Impact of Low-Cost Imports and US Trade Policies on Thai Industries
PUBLISHED: 4 Jan 2025 at 04:45
The Thai Industry Ministry is urging manufacturers across five critical sectors, including automotive, to adapt proactively to anticipated US trade policies, the surge of low-cost imports, and the wave of disruptive technologies.
The sectors also include electronics, electrical appliances, steel, and garments.
“We advise entrepreneurs within these industries to closely monitor how these factors could intensify throughout the year, impacting their operations,” stated a senior official from the Office of Industrial Economics (OIE).
Domestic car sales are experiencing a downturn, with buyers struggling to secure auto loans amid rising household debt levels.
In addition, auto parts manufacturers primarily producing components for internal combustion engine vehicles face challenges from the ongoing transition to electric vehicle technology.
Thailand is actively promoting electric vehicle adoption, offering incentives to global manufacturers to establish EV assembly plants in the country.
Last year, the Federation of Thai Industries (FTI) encouraged auto parts manufacturers to diversify into medical device production as a strategic adjustment.
The FTI believes this transition could include manufacturing medical products, such as single-use diagnostic test kits and durable items like wheelchairs and hospital beds, although support from the government will be critical for successful implementation.

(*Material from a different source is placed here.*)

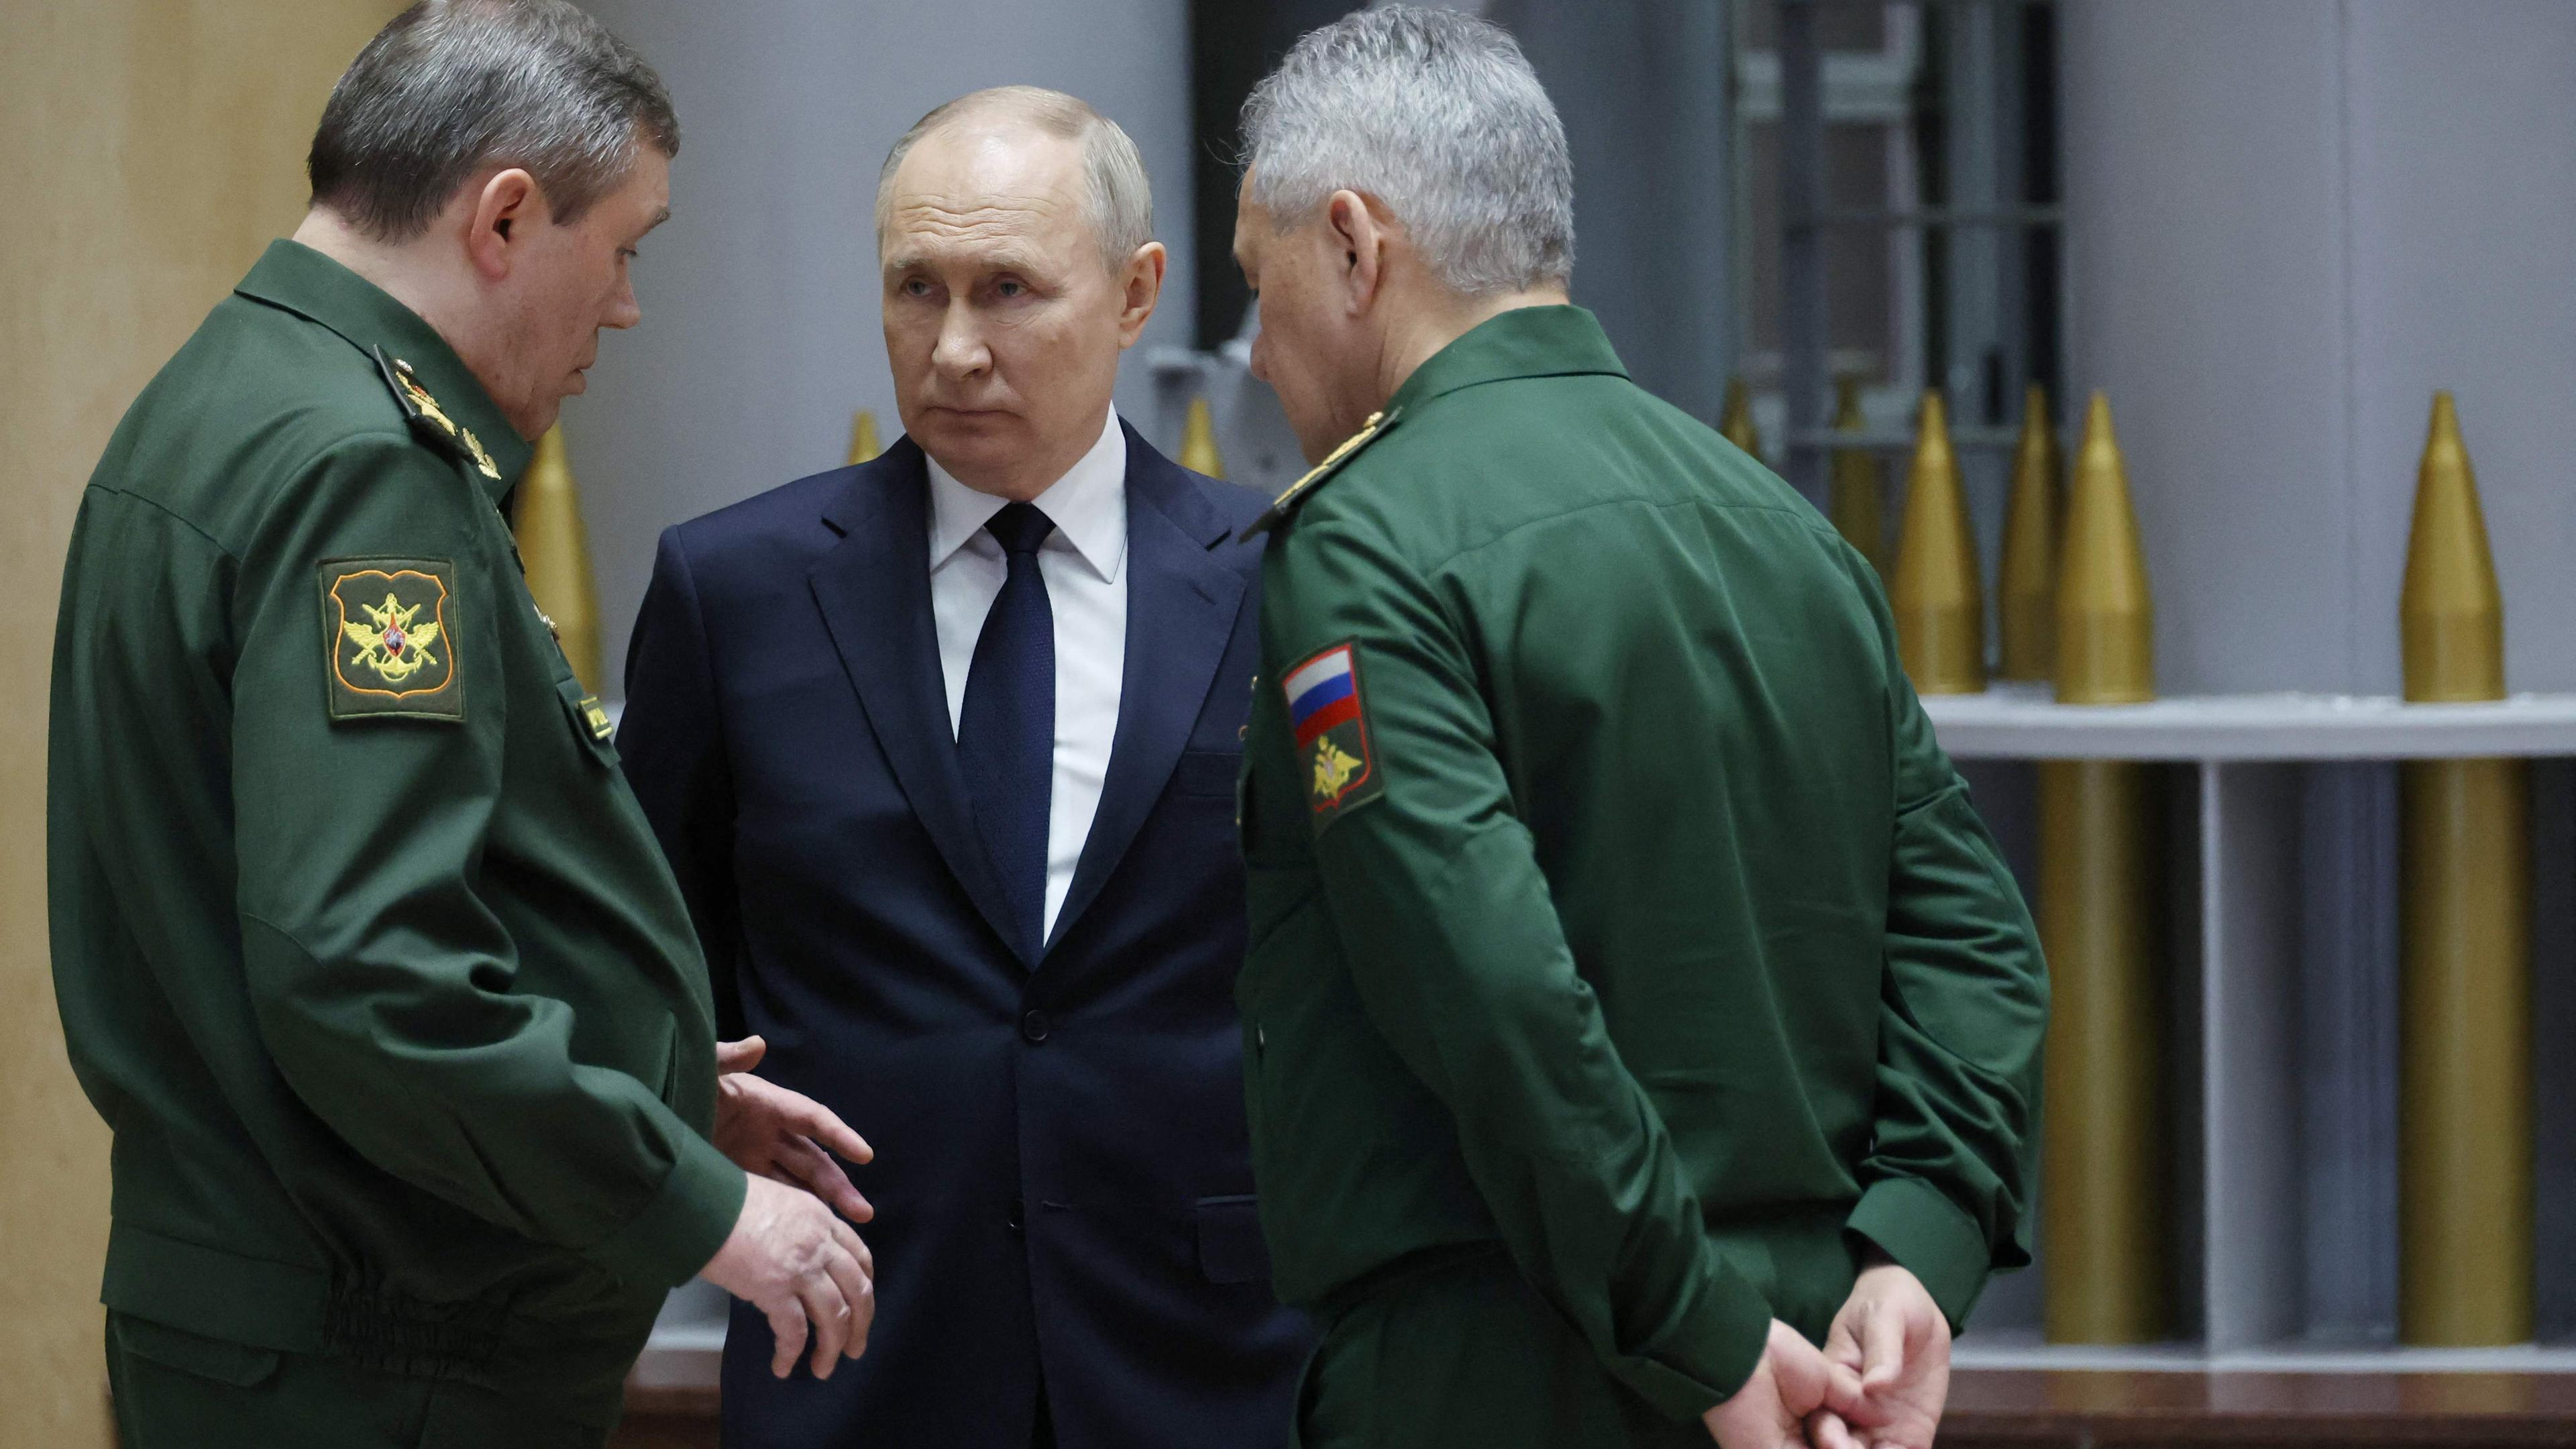 Das Bild zeigt den russischen Präsidenten Wladimir Putin (M.) im Gespräch, unter anderem mit Verteidigungsminister Sergej Schoigu.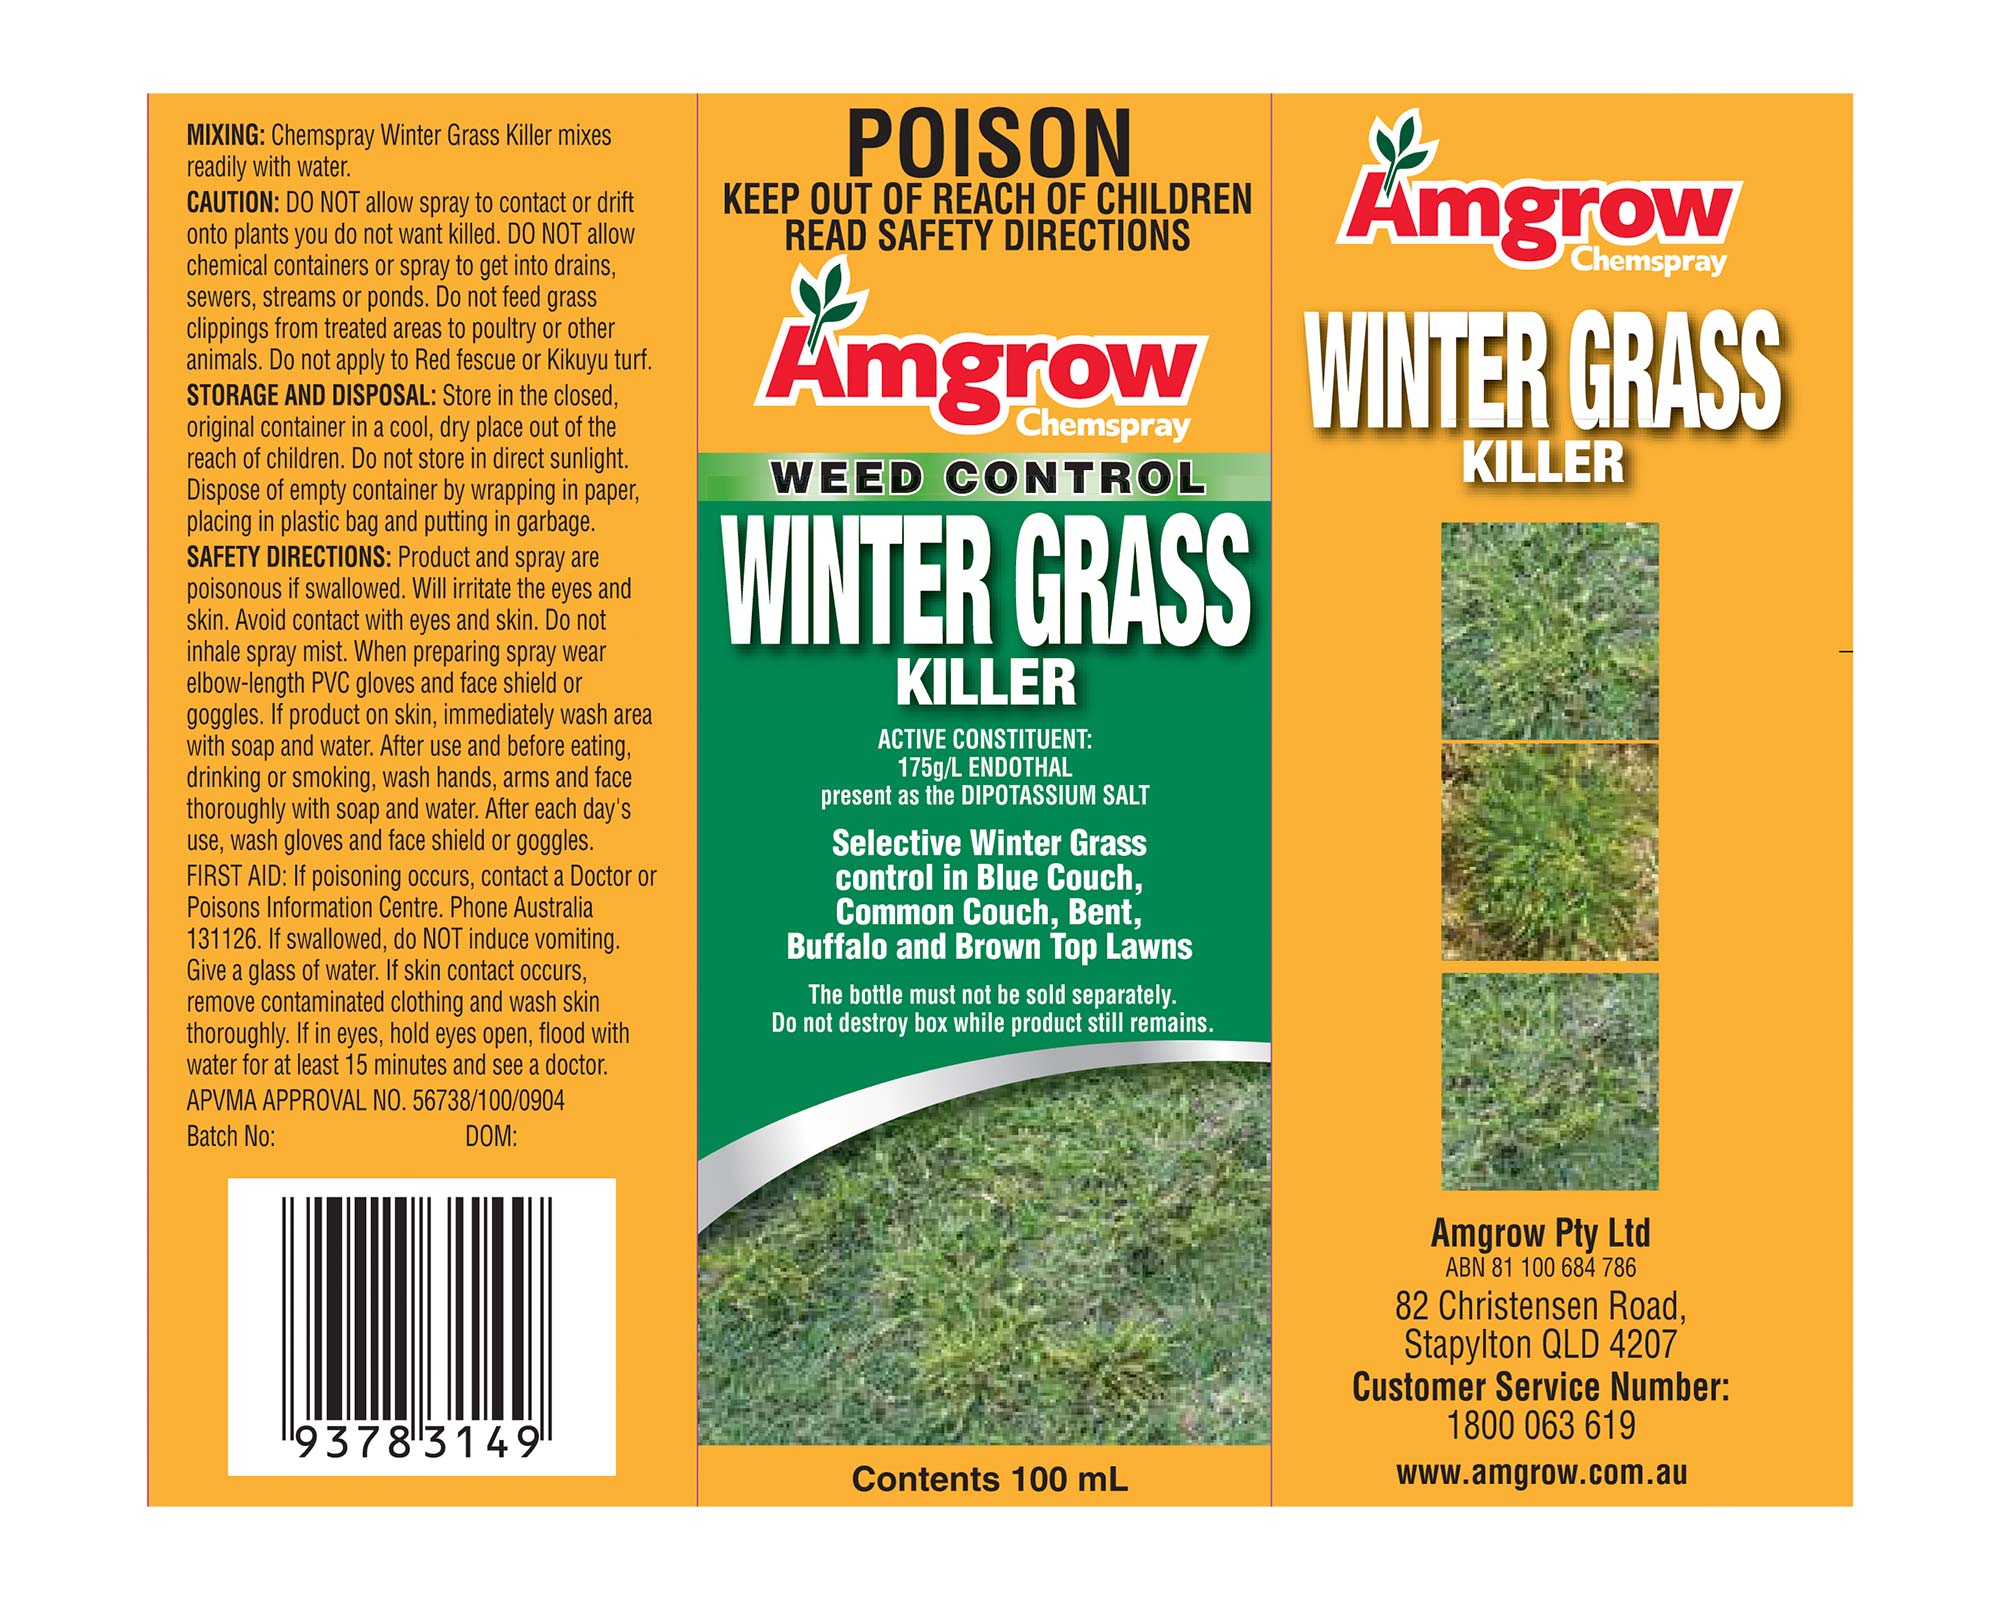 Label - Winter Grass Killer - Amgrow

The OIE has previously warned of an increasingly competitive landscape in Thailand’s market as foreign entities gain ground by sending more products to the region.
In the previous year, many consumers opted for affordable imported goods over locally produced items, especially from Chinese suppliers who frequently utilize online sales channels.
With a stronger US tariff policy expected under the incoming administration, Thai manufacturers may face new challenges. Reports indicate notable tariff increases could be imposed on imported goods with specific rates of 10-20% and potentially reaching 60-100% for products from China.